Stored data:
:::::

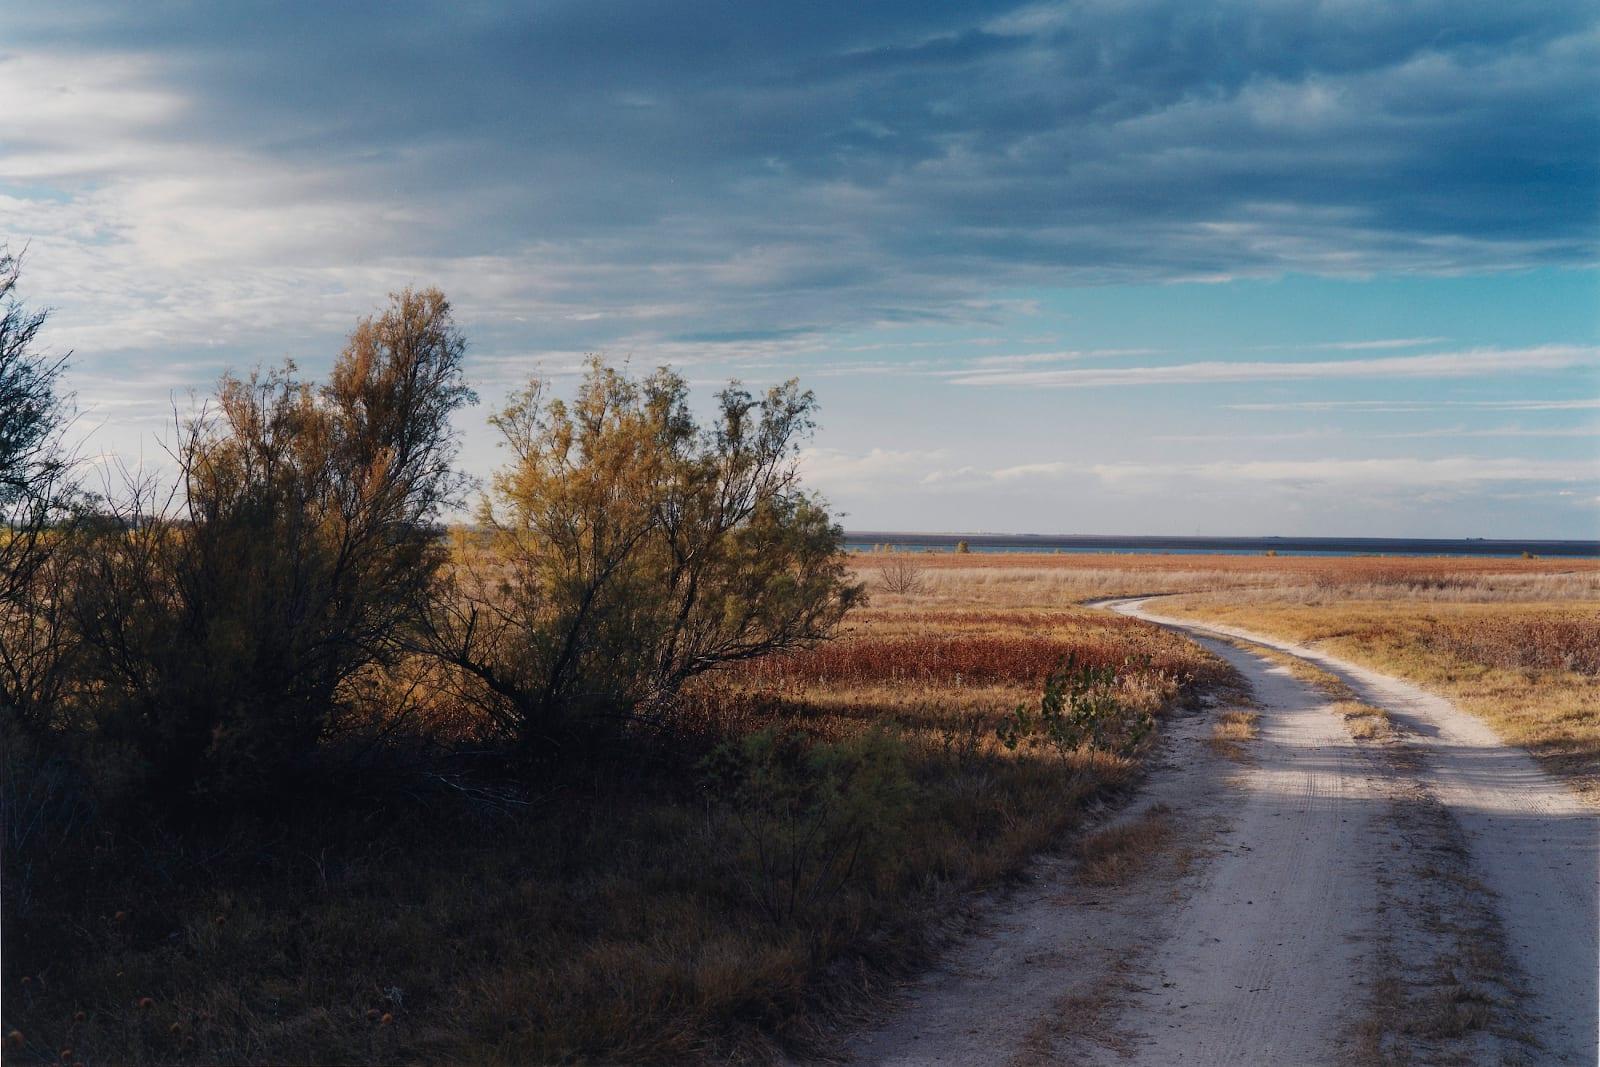 Nee Noshe Reservoir Kiowa County Colorado
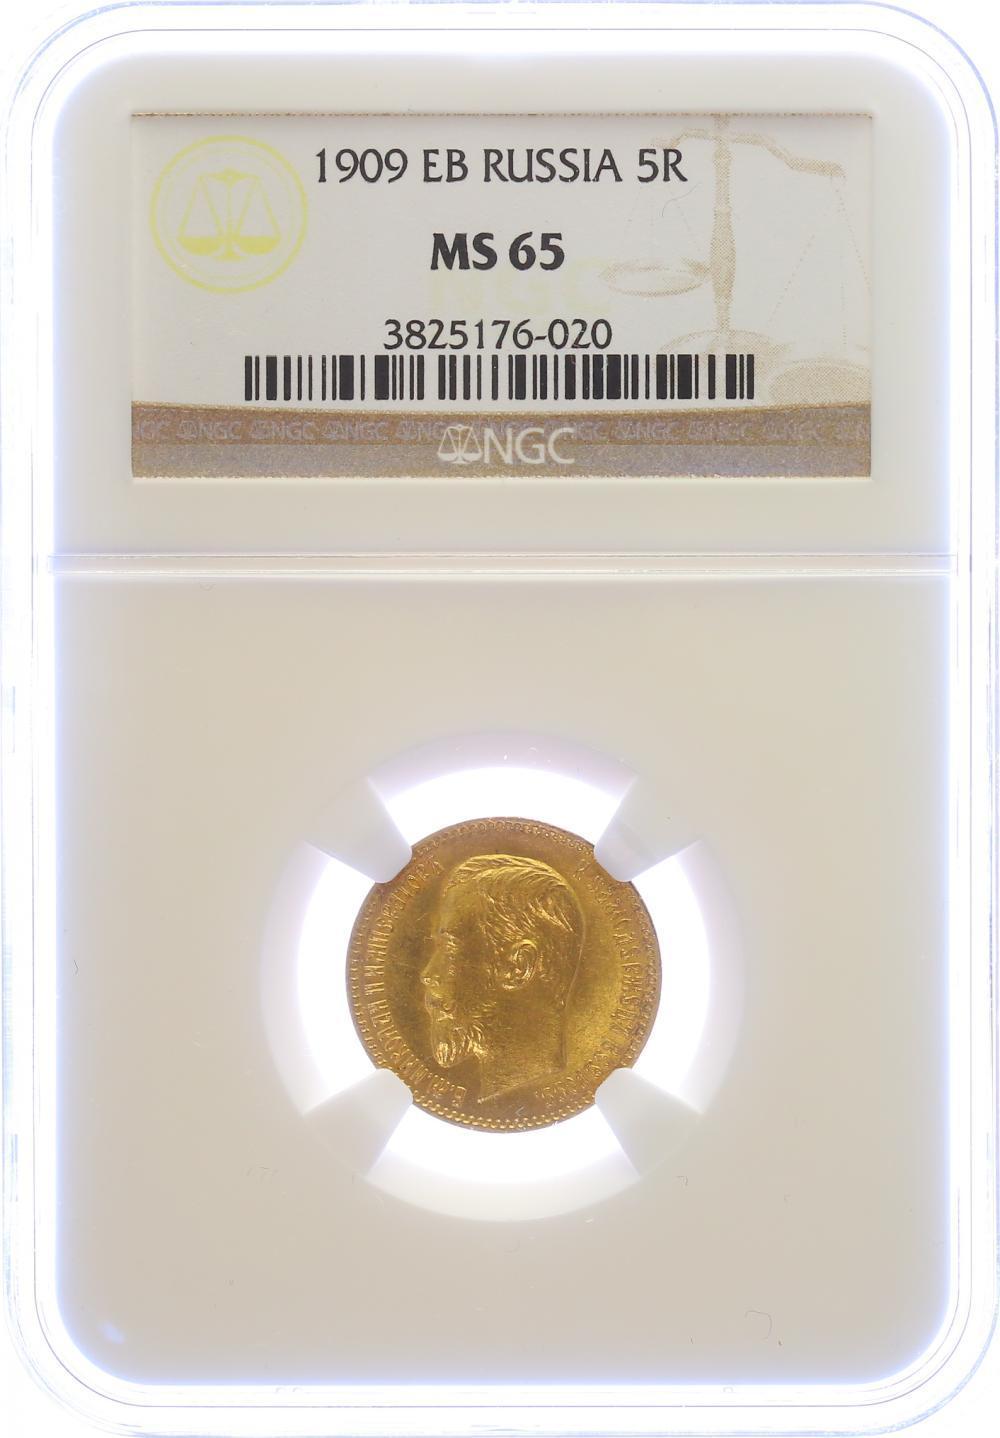 a27bda12b NumisBids: Aurea Numismatika Praha E-Auction 15, Lot 4100 : Rusko, Mikuláš  II., 1894 - 1917 5 Rubl 1909 EB, St. Peterburg,.
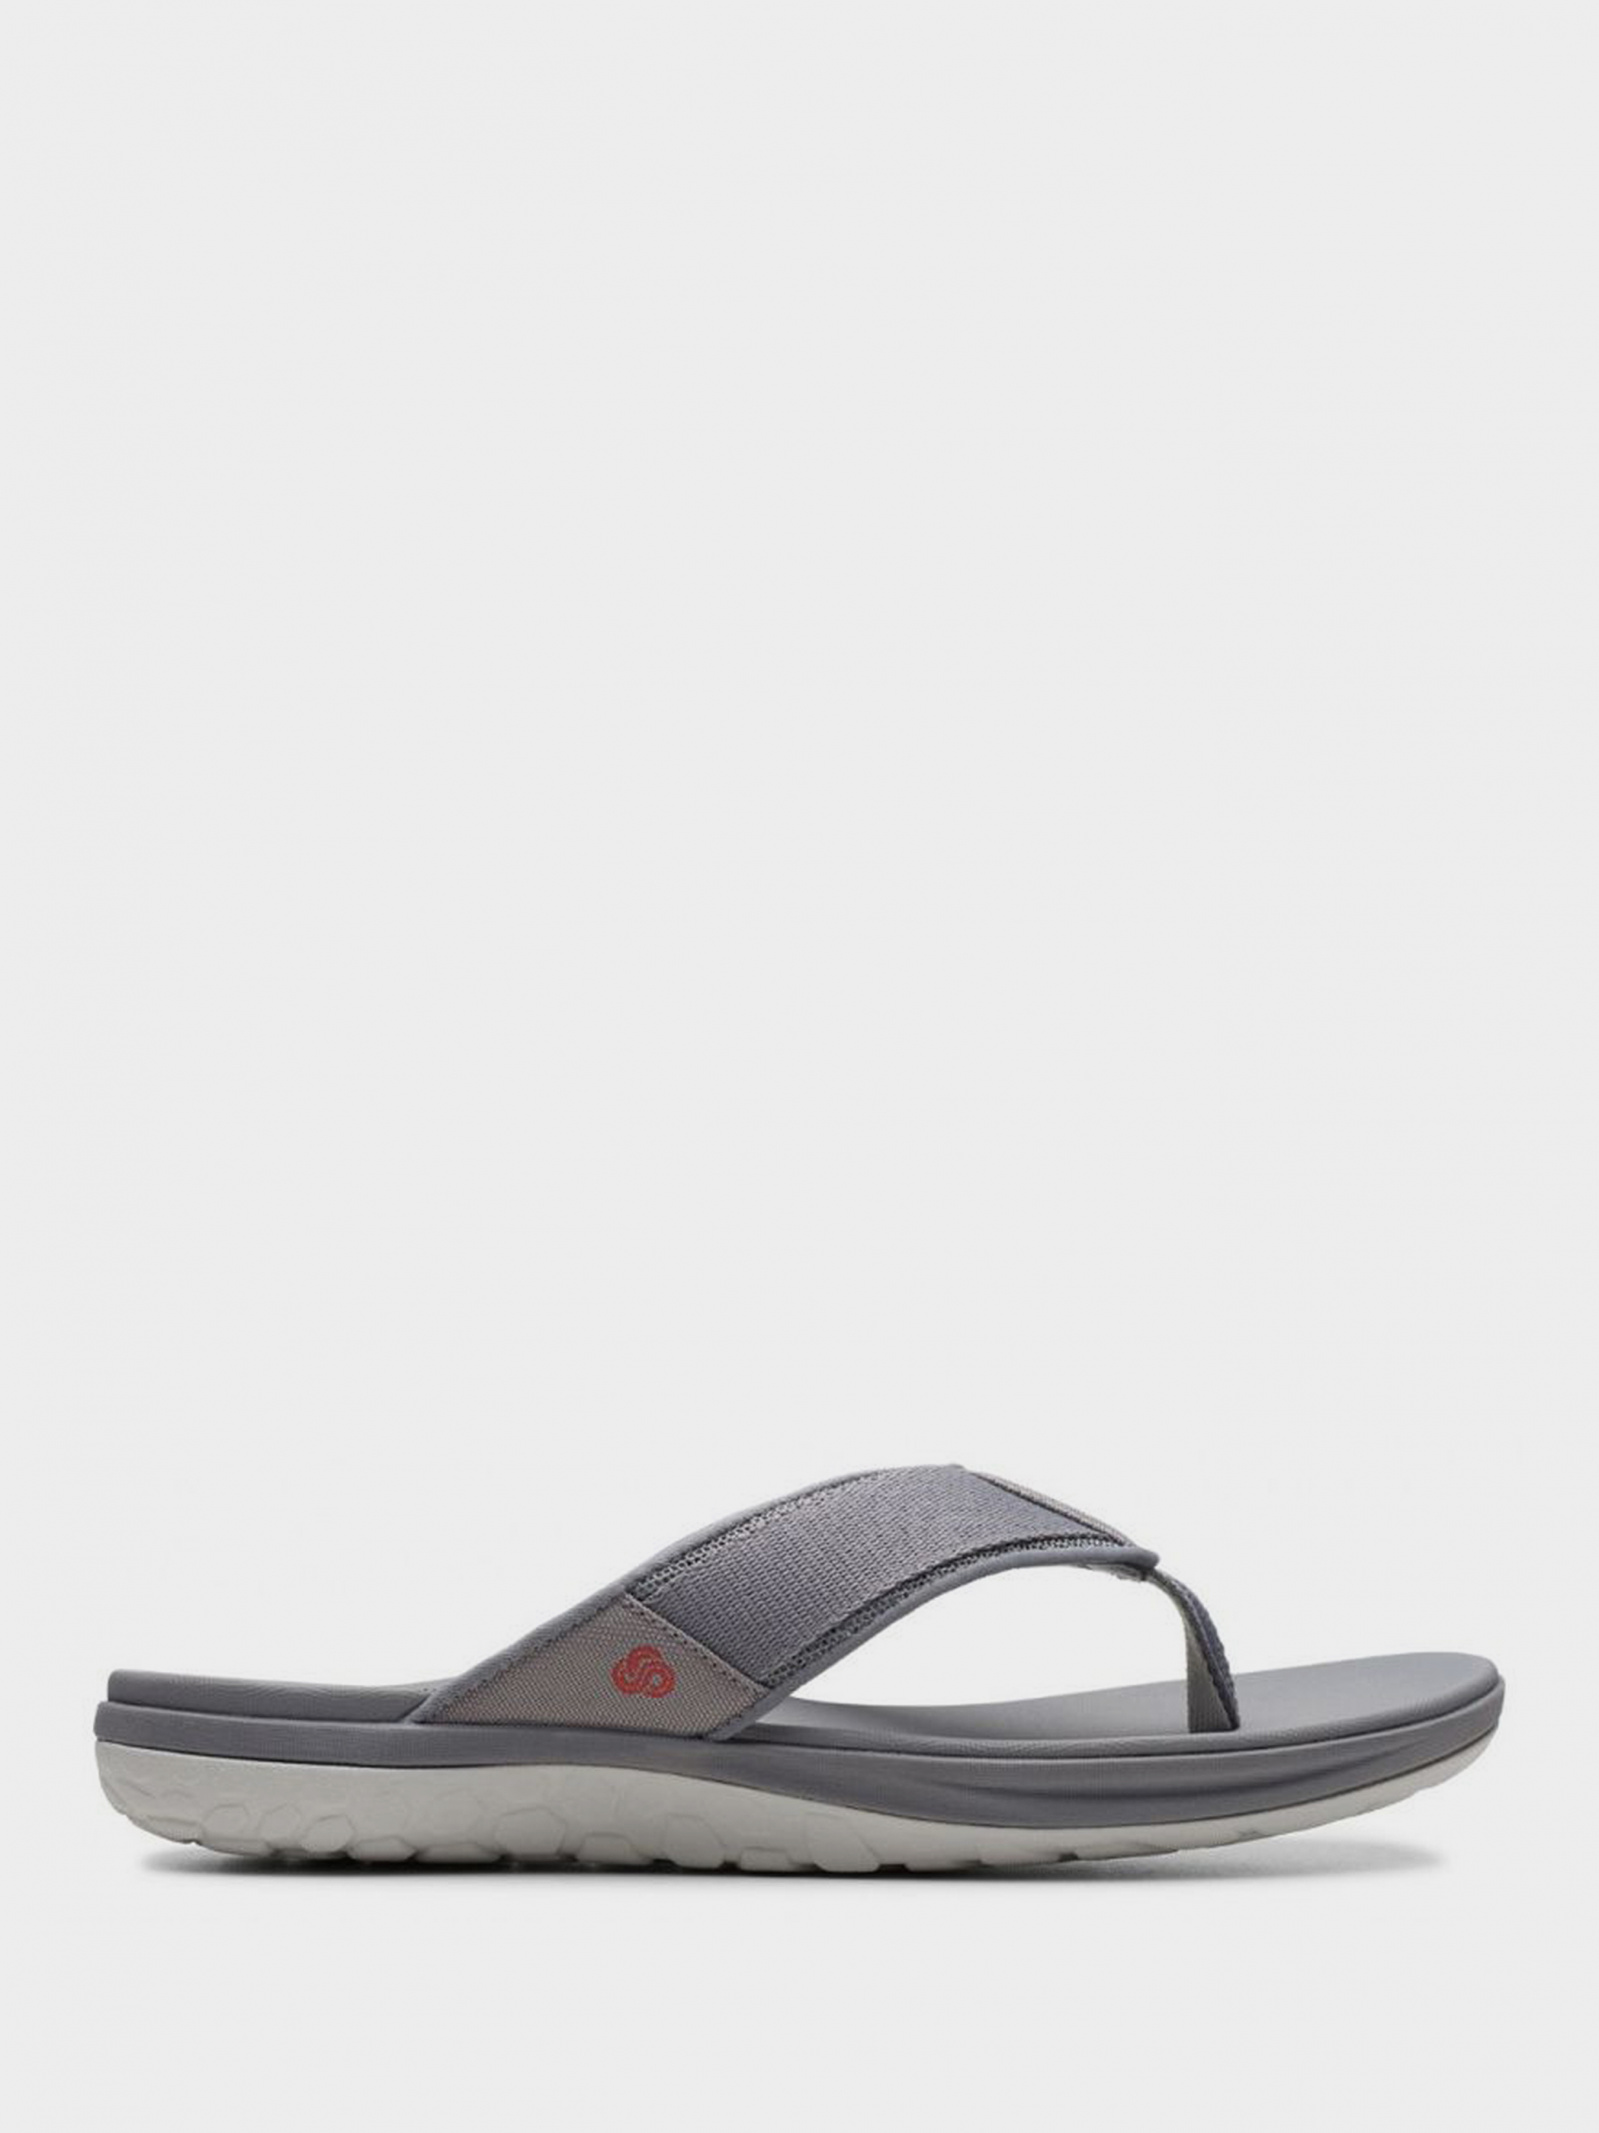 Каталог бренда Clarks  купить обувь bb145ae66b1d9

:::::

What you are asked to do:
Without any pictures, write out the lines running from the one containing "a27bda12b NumisBids: Aurea" through the end of the listing above, both included, exactly as given.

Solution for this exercise:
 a27bda12b NumisBids: Aurea Numismatika Praha E-Auction 15, Lot 4100 : Rusko, Mikuláš  II., 1894 - 1917 5 Rubl 1909 EB, St. Peterburg,.
 Каталог бренда Clarks  купить обувь bb145ae66b1d9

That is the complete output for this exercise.